WHAT TO PRODUCE: What you should give back is a precise copy of the lines below from the one containing "Kawai Dx900 Organ" through the one containing "Sheen Bungubox Sweet Potato Purple.JPG", with no pictures.

DATASET:
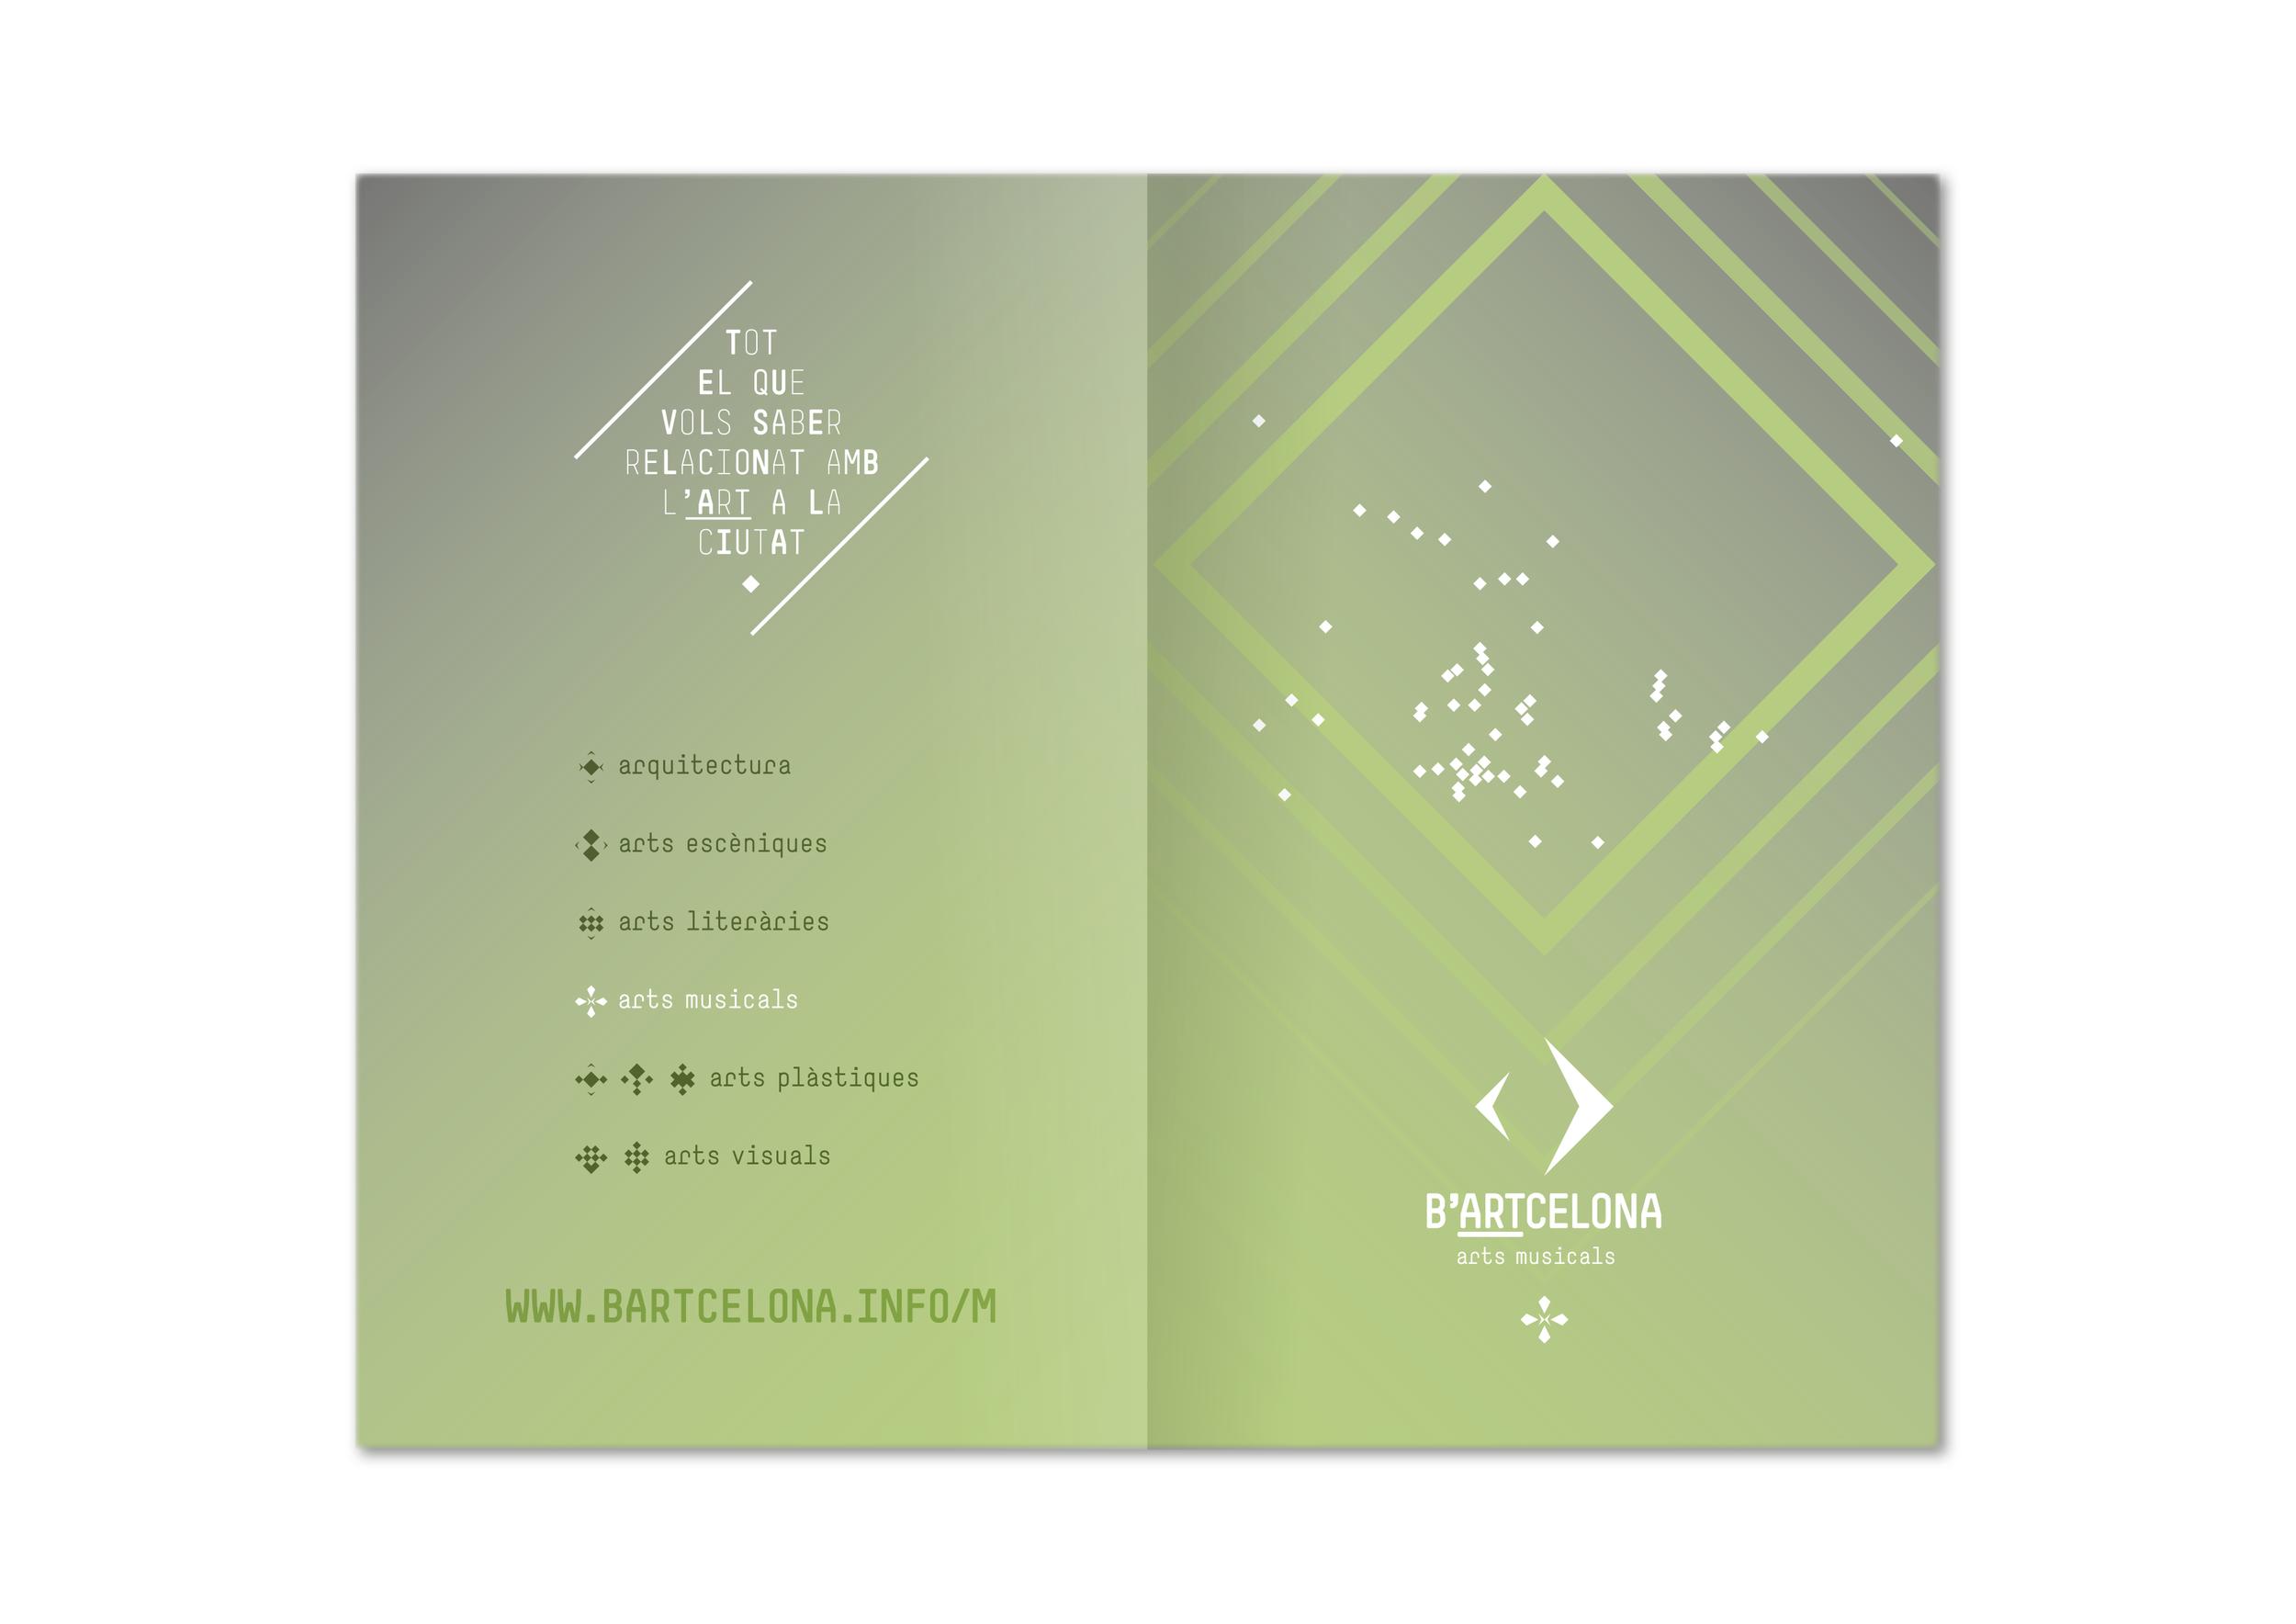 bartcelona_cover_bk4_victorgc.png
==
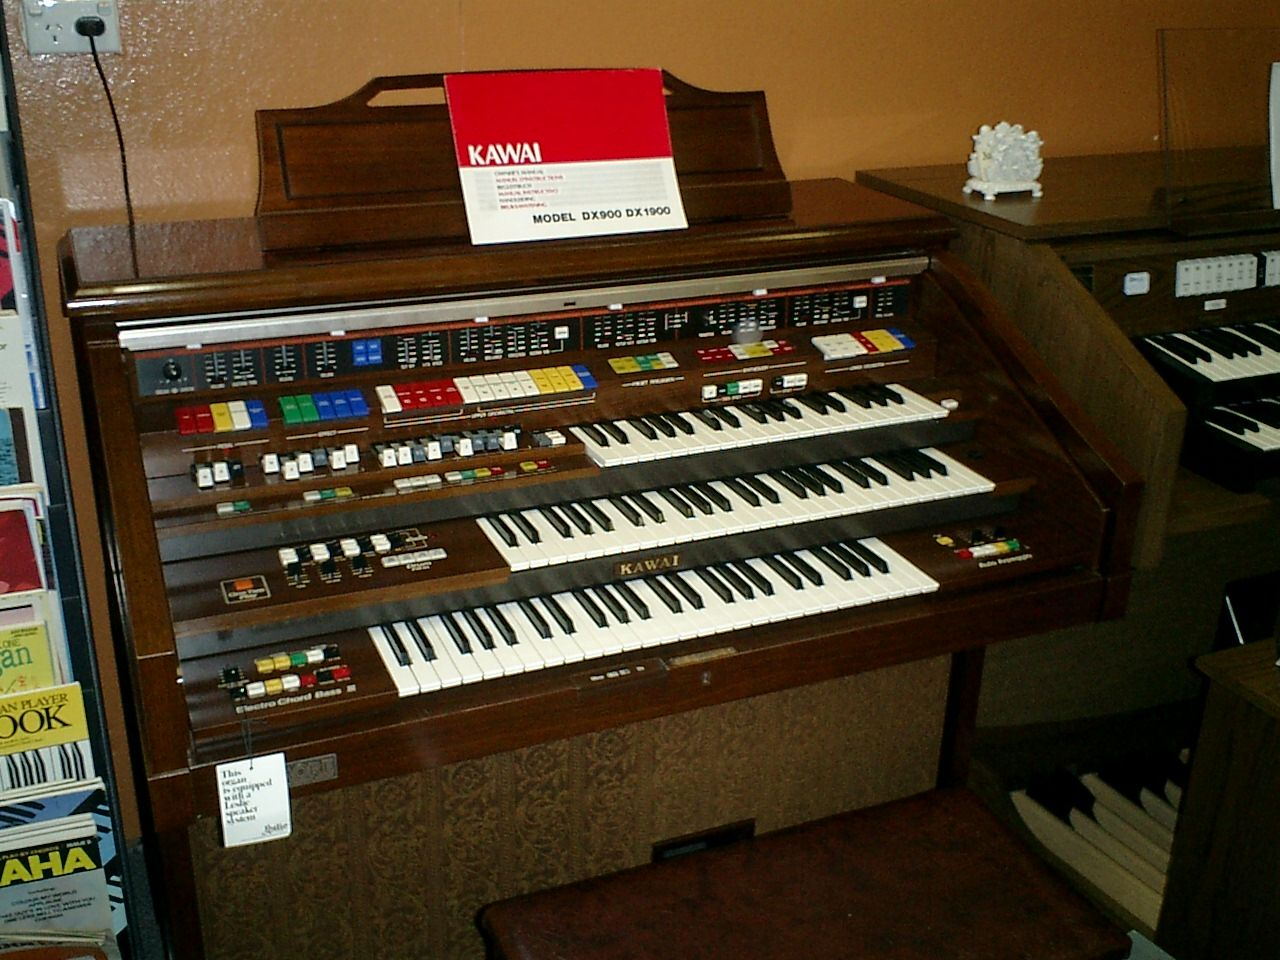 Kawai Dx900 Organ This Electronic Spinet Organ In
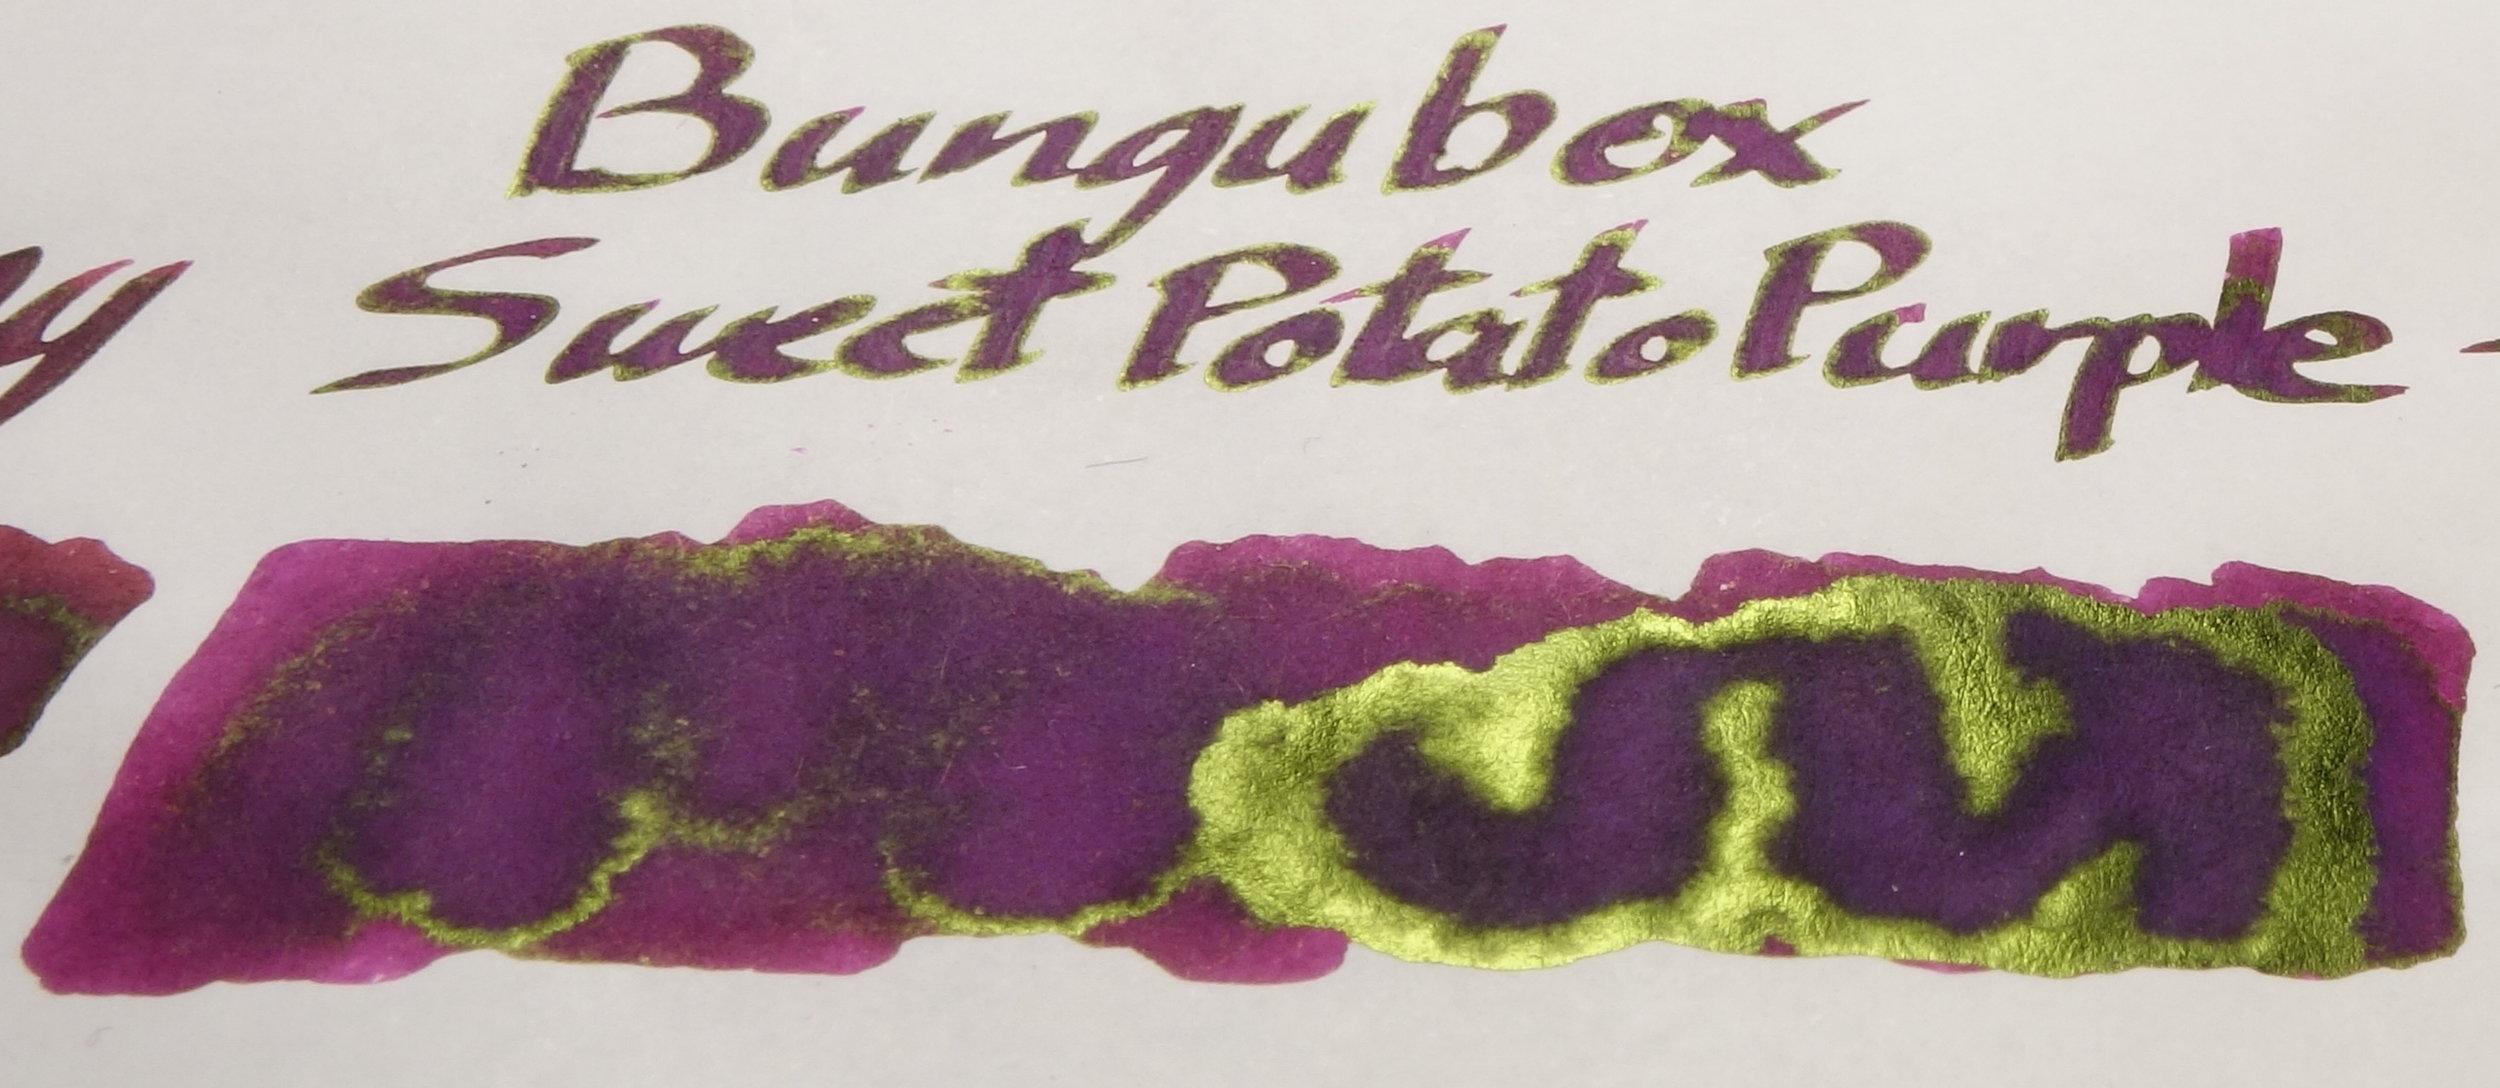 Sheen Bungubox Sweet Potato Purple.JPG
* * *
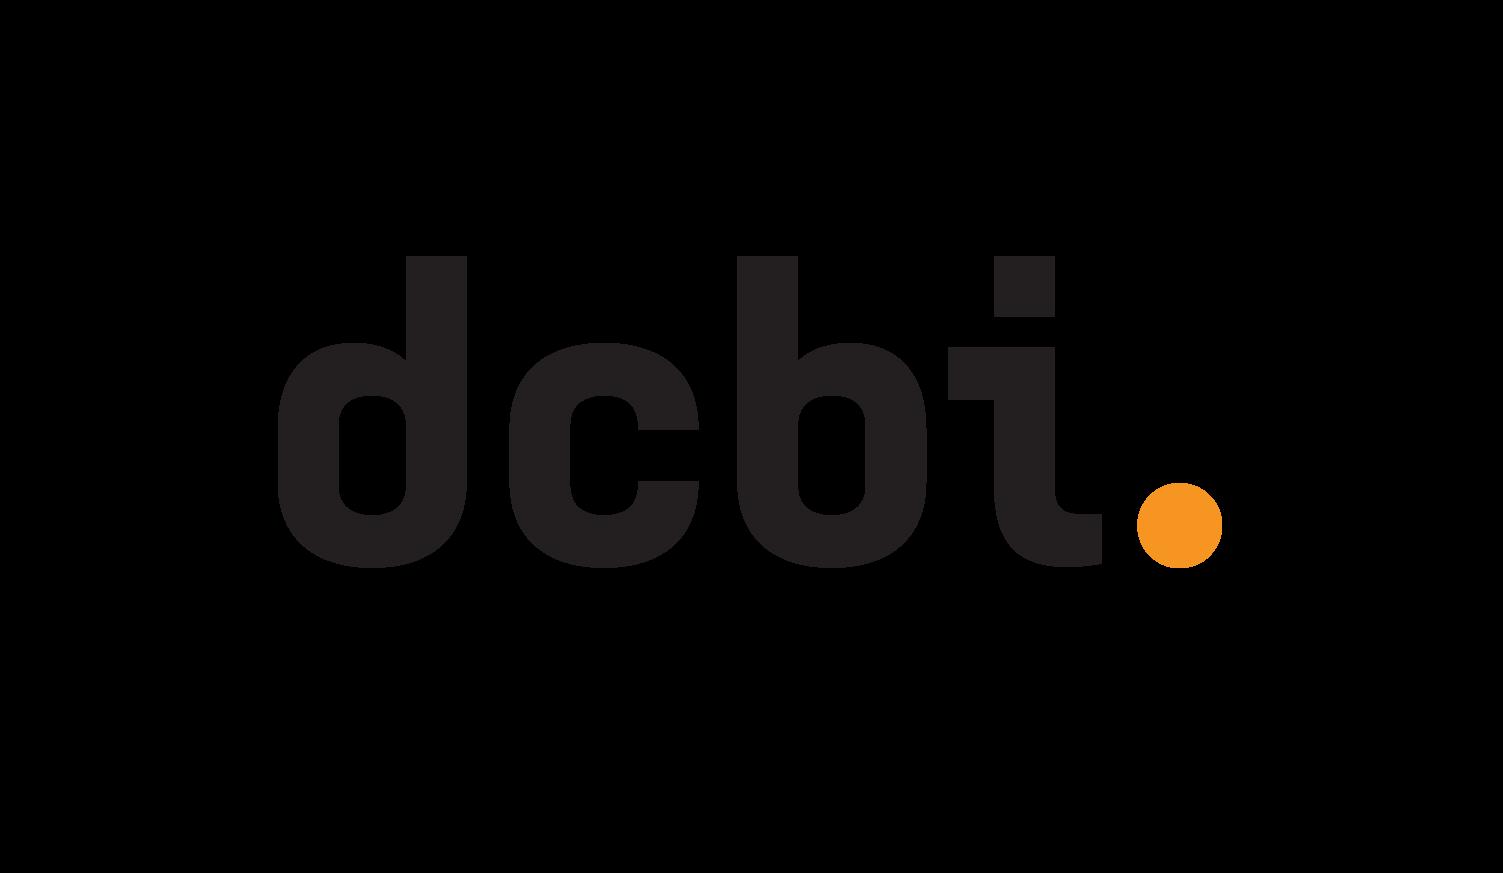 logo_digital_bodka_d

RESULT:
 Kawai Dx900 Organ This Electronic Spinet Organ In
 Sheen Bungubox Sweet Potato Purple.JPG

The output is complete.